Un po’ dipendeva dal suo abbigliamento all’antica. Da anni il sultano incoraggiava i sudditi a vestire all’occidentale, con risultati incerti. Molti avevano sostituito il turbante con il fez rosso scarlatto, e gli ampi caftani con i pantaloni e lo stambulino, un curioso soprabito nero abbottonato fino al mento, ma pochi indossavano gli stivali stringati all’europea. Alcuni suoi vicini di divano sembravano scarafaggi, a piedi nudi, tutti gomiti e ginocchi appuntiti. Con il mantello lungo, marrone rossastro, e la veste color zafferano, Yashim avrebbe potuto confondersi con le grinze sul tappeto che copriva il divano; solo il suo turbante era bianco come il latte.
Ma l’invisibilità era anche una qualità tipica dell’uomo Yashim, ammesso di poterlo definire tale. Trasmetteva un senso di calma: la serietà degli occhi grigi, la morbida scioltezza dei movimenti, i gesti disinvolti, sembravano sviare l’attenzione, anziché attirarla. La gente lo vedeva, ma non lo notava; ed era quella mancanza di contorni netti, quello strano rinunciare alla sfida o alla minaccia, che costituiva l’essenza del suo talento e lo rendeva unico, perfino nella Istanbul dell’Ottocento.
Yashim non sfidava gli uomini che incontrava, e nemmeno le donne. Col suo volto gentile, gli occhi grigi, i riccioli scuri appena sfiorati, a quarant’anni, dal passare del tempo, era un ascoltatore, un silenzioso interlocutore, e un uomo solo in parte. Yashim era un eunuco.

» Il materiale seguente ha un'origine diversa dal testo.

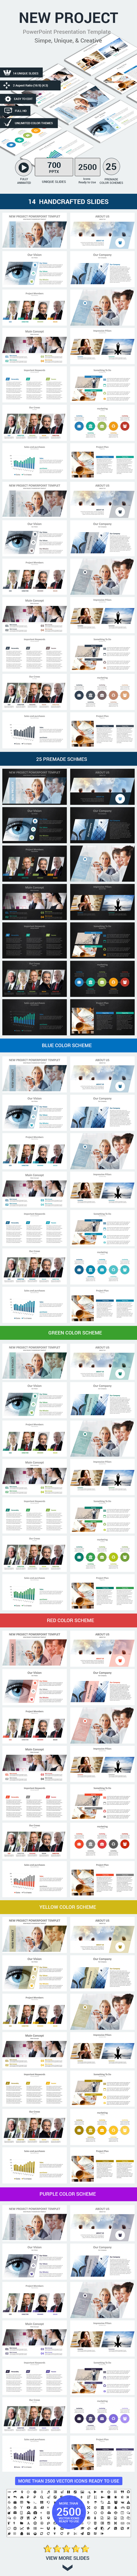 New Project PowerPoint Presentation Template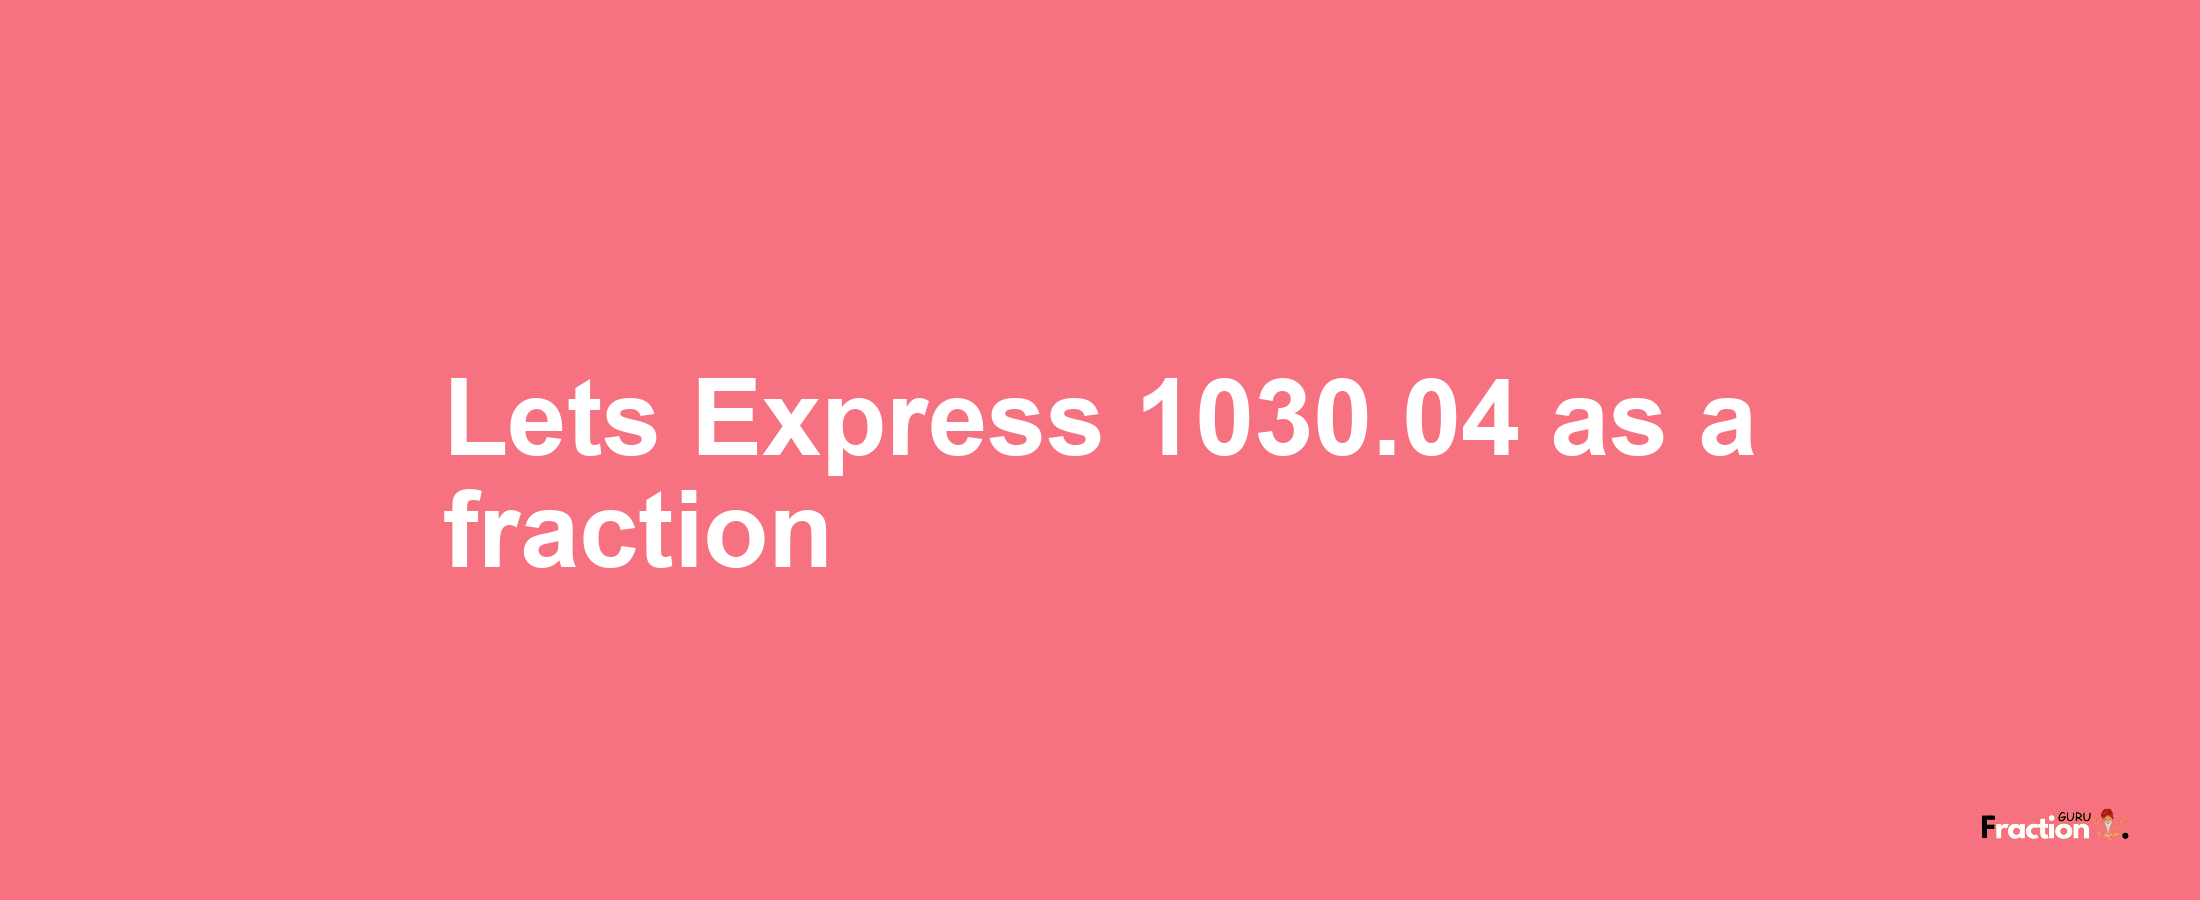 Lets Express 1030.04 as afraction

Prese il caffè appoggiato su un gomito, e mangiò il çörek, pulendosi i baffi dalle briciole.
Decise di non fumare la pipa con il caffè, lasciò una piastra d’argento sul vassoio poi si incamminò verso il Gran Bazar.
Mentre girava l’angolo si voltò, giusto in tempo per vedere il padrone del locale raccogliere e addentare la moneta. Yashim sospirò. I soldi falsi erano come un veleno in corpo, una sostanza tossica che Istanbul non riusciva a smaltire. Sollevò il borsellino e sentí il fruscio palpabile della sua fortuna: in quel periodo la moneta corrente si scioglieva in mano come zucchero. Ma lo zucchero era dolce. Il sultano stava morendo, e nell’aria c’era solo amarezza.
Nella via dei Librai, si fermò davanti alla bottega di Goulandris, che vendeva libri usati e oggetti rari, e a volte anche i romanzi francesi che spesso facevano cadere in tentazione Yashim.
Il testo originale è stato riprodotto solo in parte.